Es wird wieder mal Zeit für ein Tweetup. Und dieses Mal steht Kultur und Politik auf dem Programm. Auf Anregung von @digichr lade ich drum zusammen mit Viktor Giacobbo am 6. September 2011 ins Casinotheater Winterthur zur Aufführung “Die Nepotistan-Affäre“, einem innenpolitischen Schwank von Domenico Blass und Viktor Giacobbo.

OK, Premierenplätze gibts für uns Blogger/Twitter/Facebooker/+er zwar nicht, die sind dem Bundesrat vorbehalten (zumindest Didier Burkhalter hat jedoch abgesagt), aber hey, dafür kriegen wir Viktor Giacobbo an der Tweetup-Afterparty zu Gesicht und dazu vergünstigte Tickets. Wenn das nichts ist…

Kurz und knapp die Infos zum Nepotistan-Tweetup:

Was: Besuch der Aufführung “Die Nepotistan-Affäre” mit anschliessendem “After-Tweetup” mit Viktor Giacobbo.

Wo: Casinotheater Winterthur (Lageplan)

Wann: 6. September 2011, die Vorführung beginnt um 20 Uhr.

Besammlung: Ab 19:15 Uhr vor dem Casinotheater in Winterthur.

Kosten: Die Eintrittstickets der 2. Kategorie kosten 65 Franken für uns nur 52 Franken. Das Casinotheater und Viktor sponsern maximal 30 Tickets mit 20 Prozent Rabatt, herzlichen Dank!

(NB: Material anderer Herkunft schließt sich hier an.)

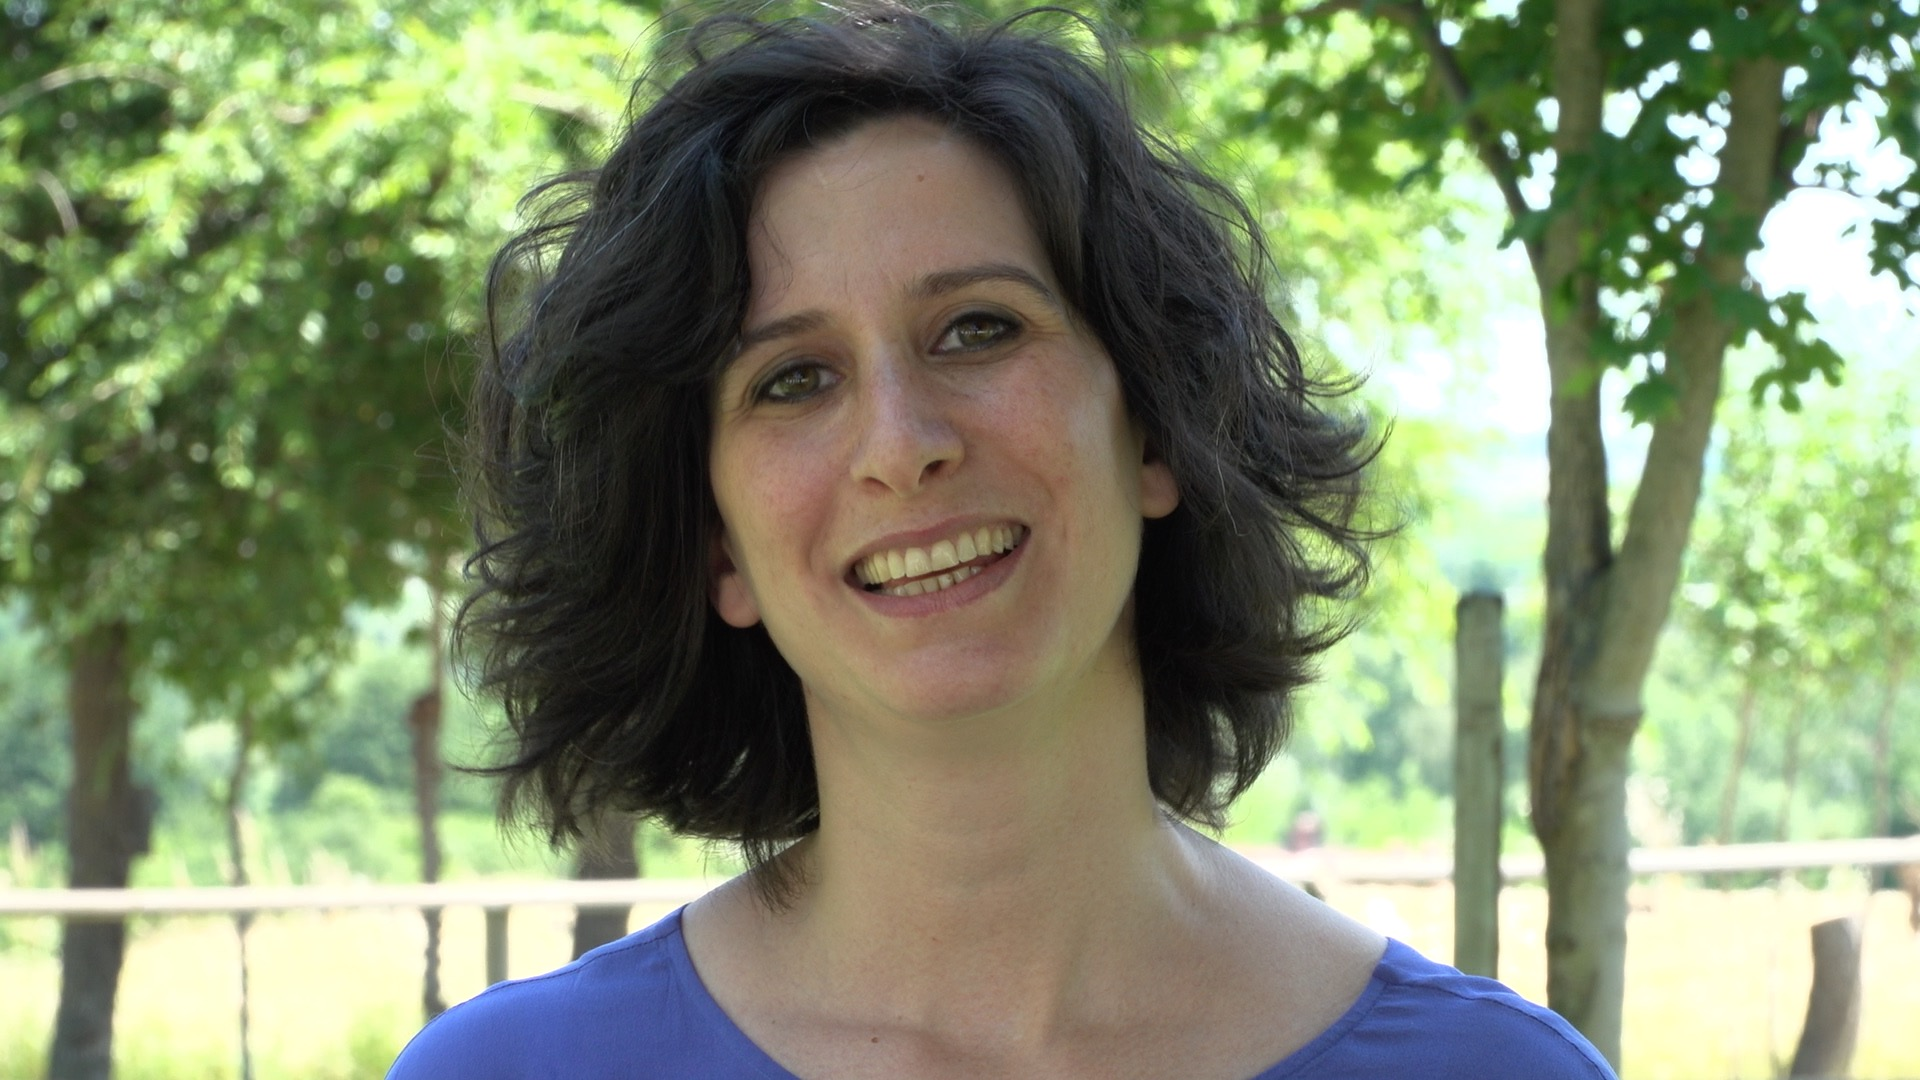 Elena Iseppi

Anmeldung: Bitte prüfe zuerst, ob Du am 6. September wirklich teilnehmen kannst. Hintergrund ist, dass ich die Namen der Teilnehmer Sonntagnacht ans Casinotheater weiterleite. Und es wär doch schade, wenn wegen Deinem Nichterscheinen jemand kein vergünstigtes Ticket mehr bekäme.

Sehen wir uns am Dienstag? Dann sofort hier anmelden! Das Formular ist bis Sonntagabend, 22 Uhr, online…

(Bildquelle: Casinotheater Winterthur)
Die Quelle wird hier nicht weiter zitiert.